___ SOURCE MATERIAL ___

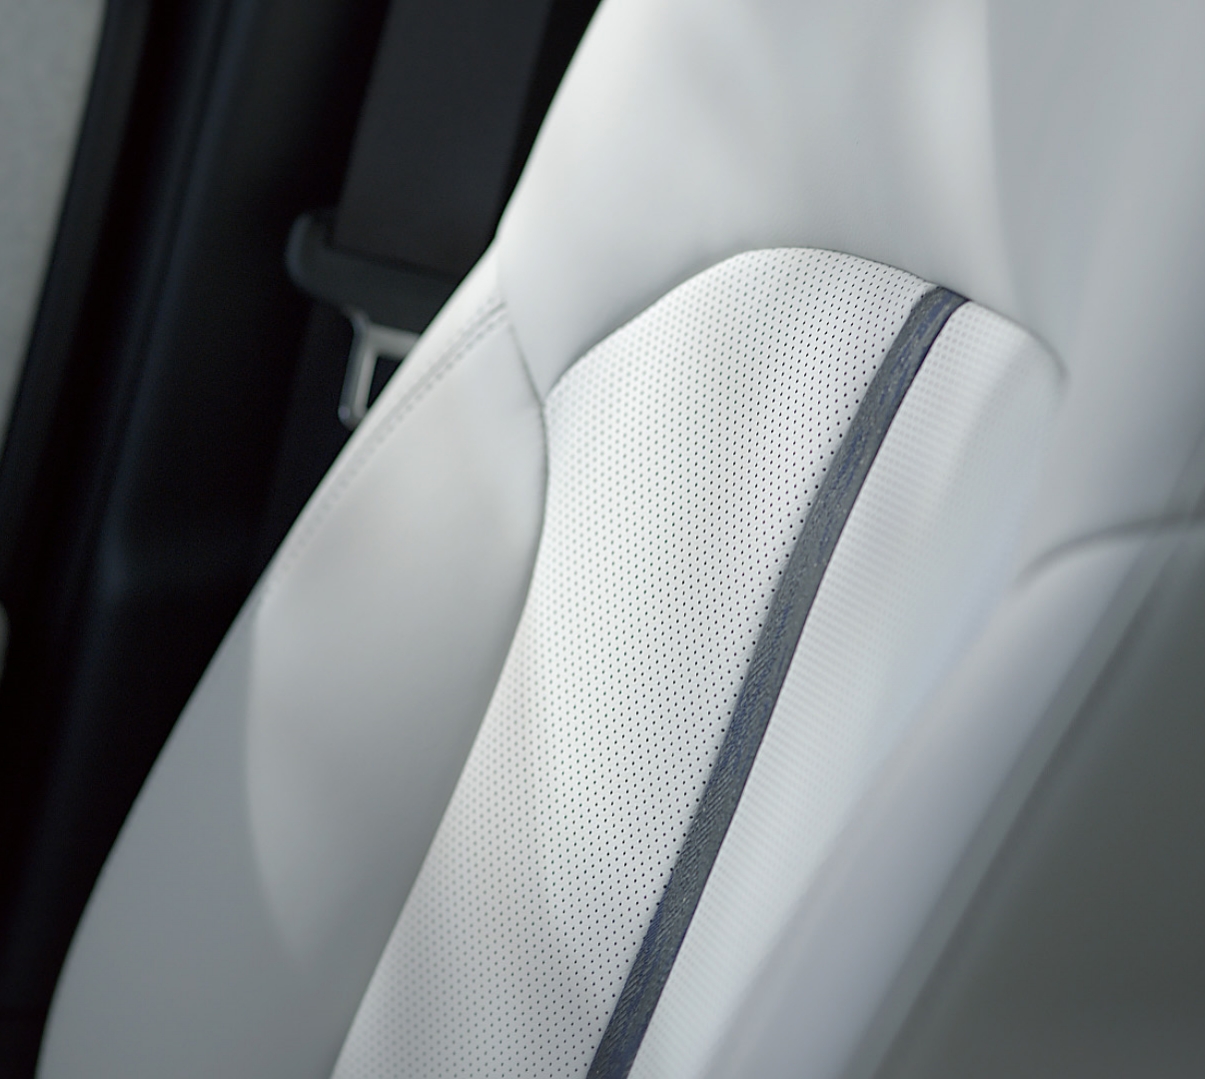 Forsæde i en Mazda CX-60 med 10-vejs elektrisk justering, sædevarme, ventilation
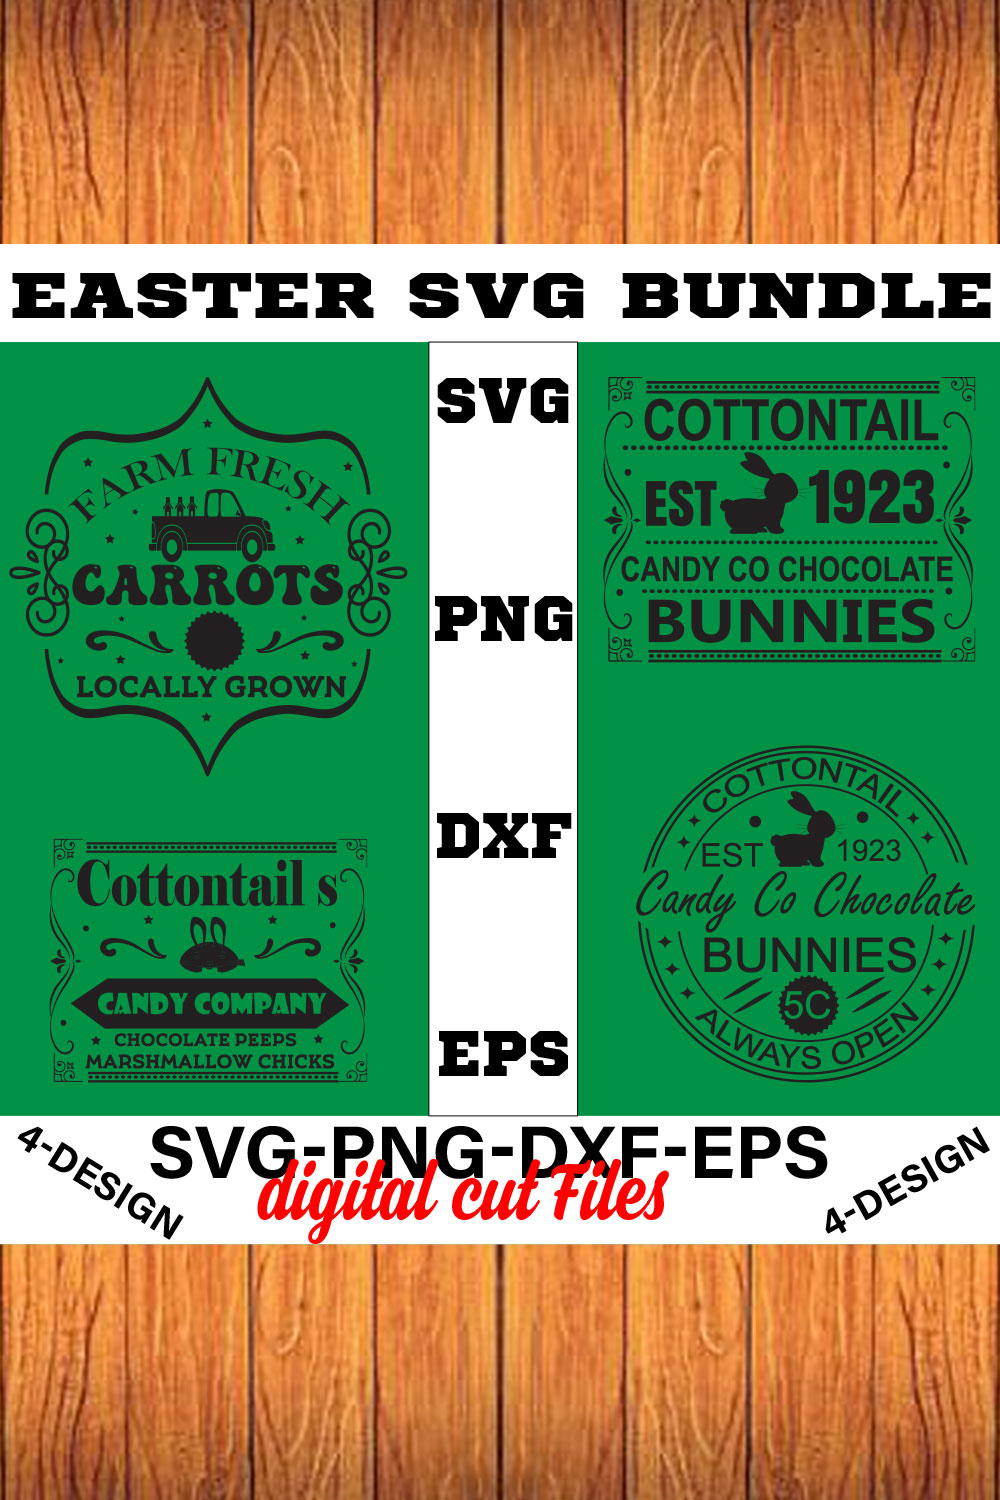 Happy Easter SVG Bundle, Easter SVG, Easter quotes, Easter Bunny svg, Easter Egg svg, Volume-09 pinterest preview image.
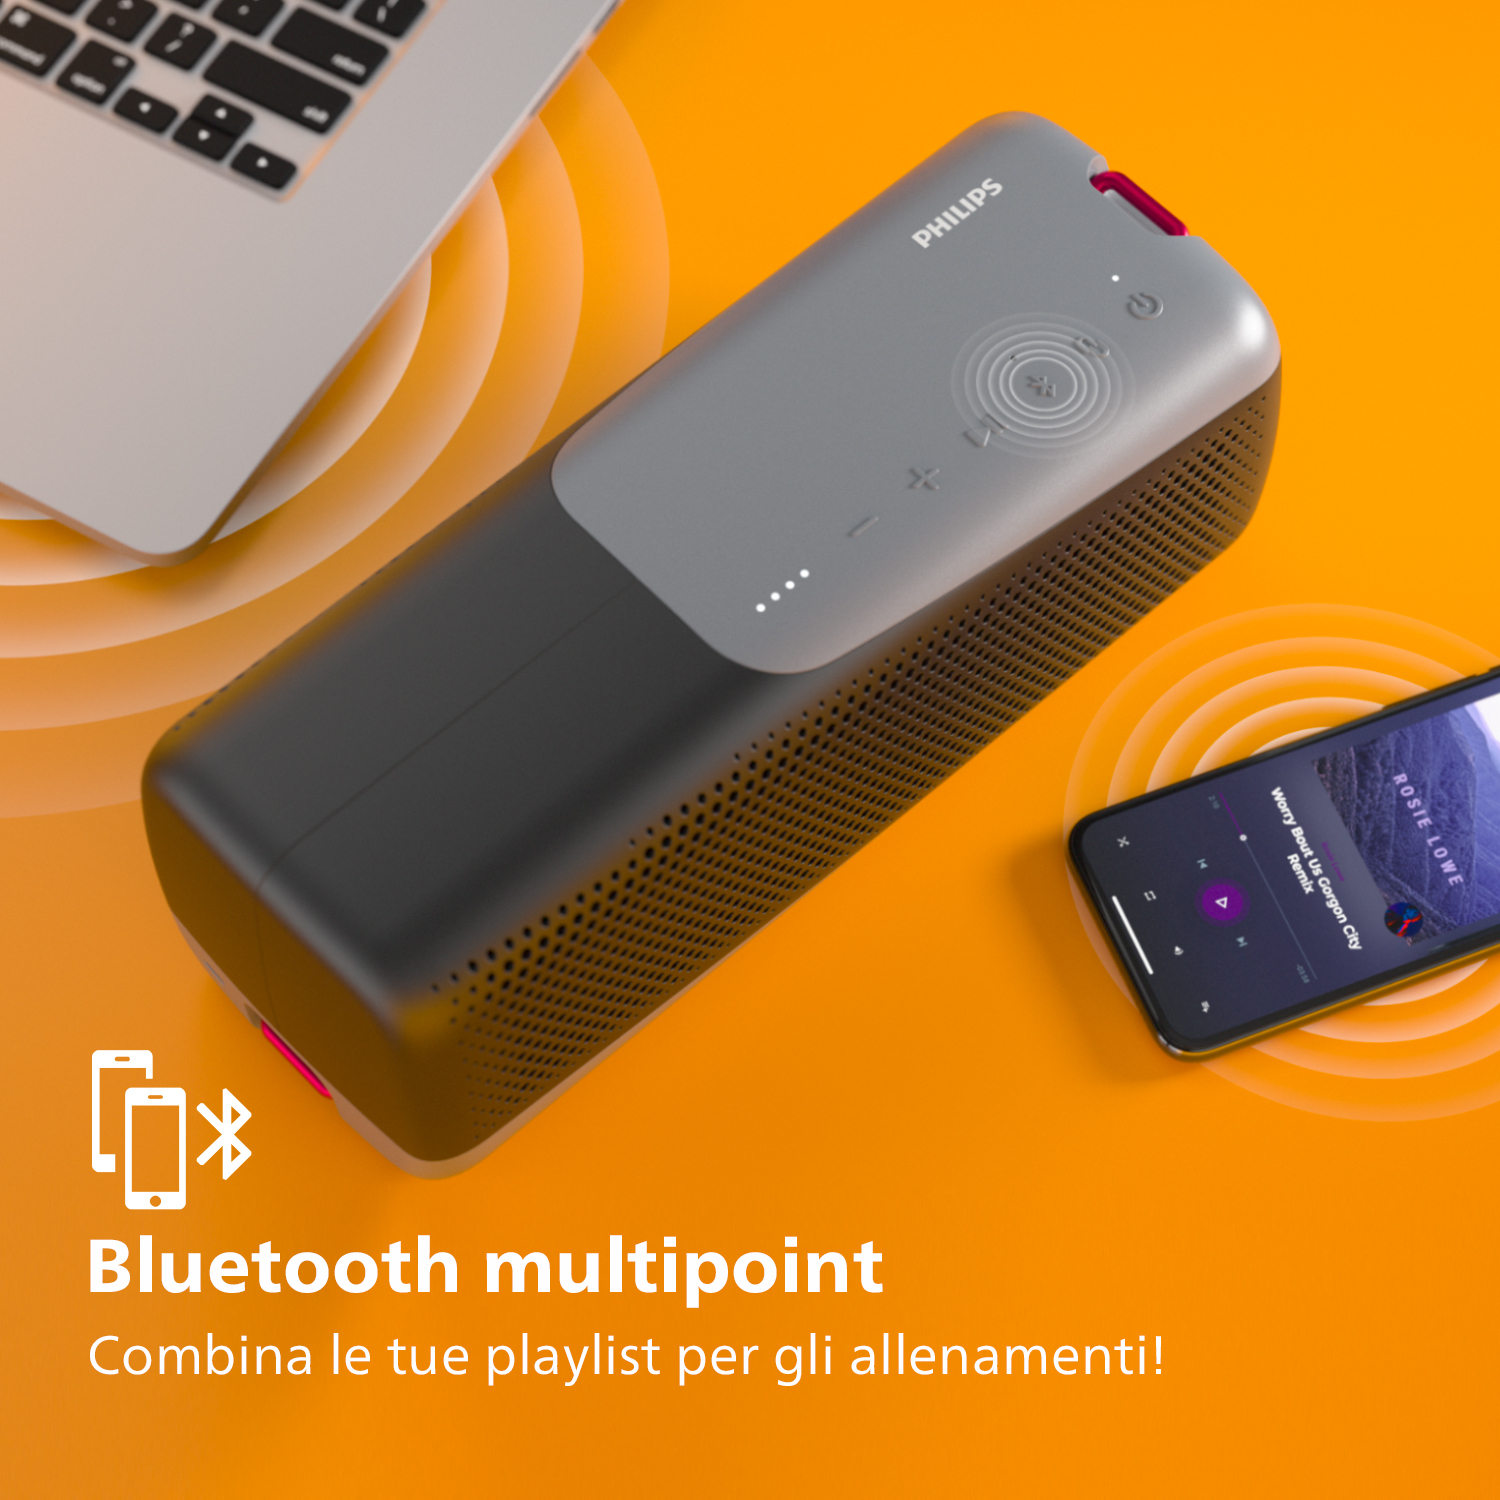 Philips TAS4807B Wireless speaker sport, Altoparlante portatile, Bluetooth Multipoint, IP67, Fino a 12 ore, (Nero) [TAS4807B/00]
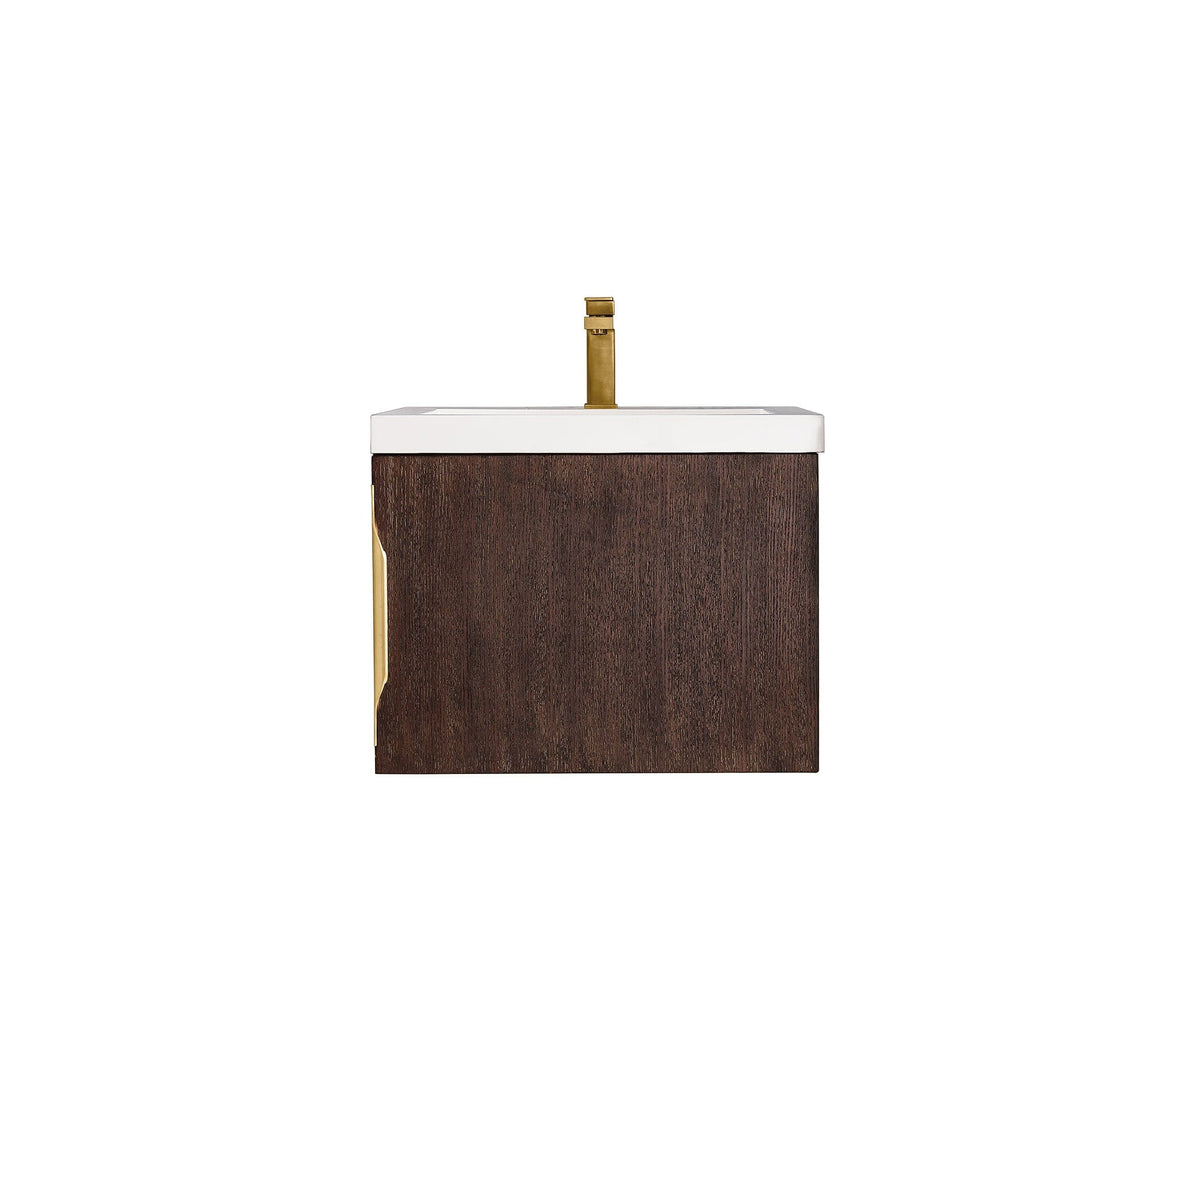 24" Columbia Single Wall Mounted Bathroom Vanity, Coffee Oak

___

TASK PROMPT:
Reproduce the lines above, exactly and exclusively, from the line containing "Happy Easter SVG" down to the last line, both included; pictures are not part of the copy.

RESULT FOR THIS EXERCISE:
 Happy Easter SVG Bundle, Easter SVG, Easter quotes, Easter Bunny svg, Easter Egg svg, Volume-09 pinterest preview image.
 Philips TAS4807B Wireless speaker sport, Altoparlante portatile, Bluetooth Multipoint, IP67, Fino a 12 ore, (Nero) [TAS4807B/00]
 24" Columbia Single Wall Mounted Bathroom Vanity, Coffee Oak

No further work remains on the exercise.